Overall, for the typical user in mid-2026: gstack has the edge. It is more polished for its stated job, genuinely open, backed by a real browser engine and mature evals, and proven by adoption. That is a defensible call, not a popularity vote.
But the honest caveat cuts the other way too: the 110x star gap massively overstates the engineering-effort difference and understates Loki Mode's ambition.
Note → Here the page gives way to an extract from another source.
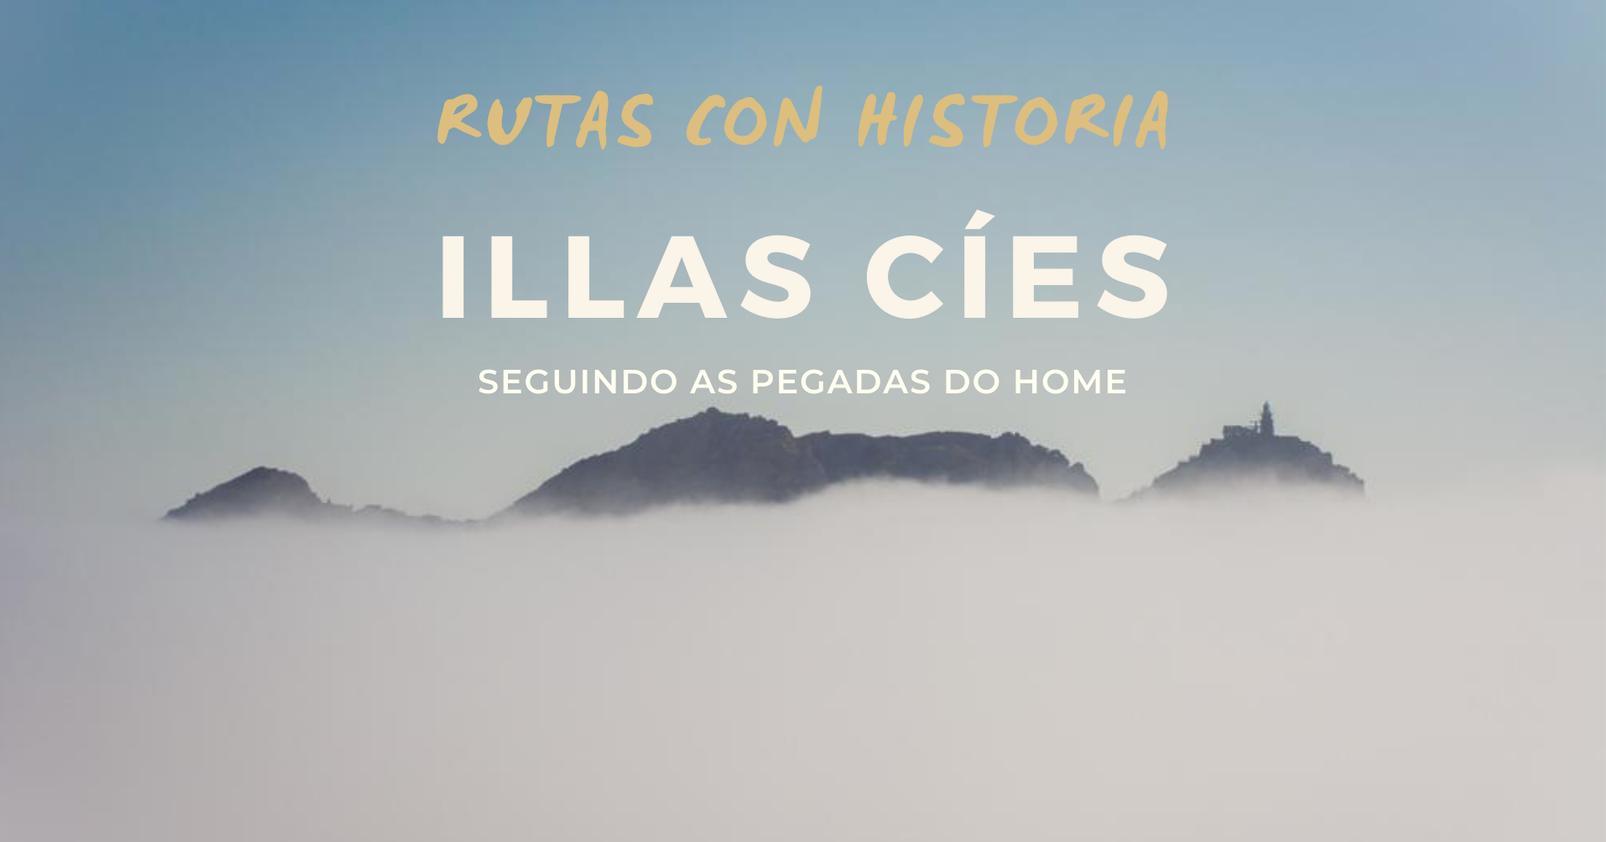 RUTA-ILLAS-CIES-VOLTA-MONTANA

Loki Mode is a larger, more technically ambitious codebase attempting a harder problem (full autonomy) with less distribution behind it. If autonomous spec-to-product is where the field is going, Loki Mode is aimed at the bigger target, and it is further along than 956 stars implies.
Stars told you which project got more attention. They did not tell you which one is better built, and they certainly did not tell you which one fits your work. Pick by the loop you want: a structured human, or a structured machine.
Methodology: figures drawn from live GitHub API calls and from reading source in both repositories on 2026-06-01. Test results are from suites executed locally (gstack: 329 pass in skill-validation; Loki Mode: 137 pass in the protocol suite). Both projects are effectively single-author; this comparison is written to be neutral on authorship.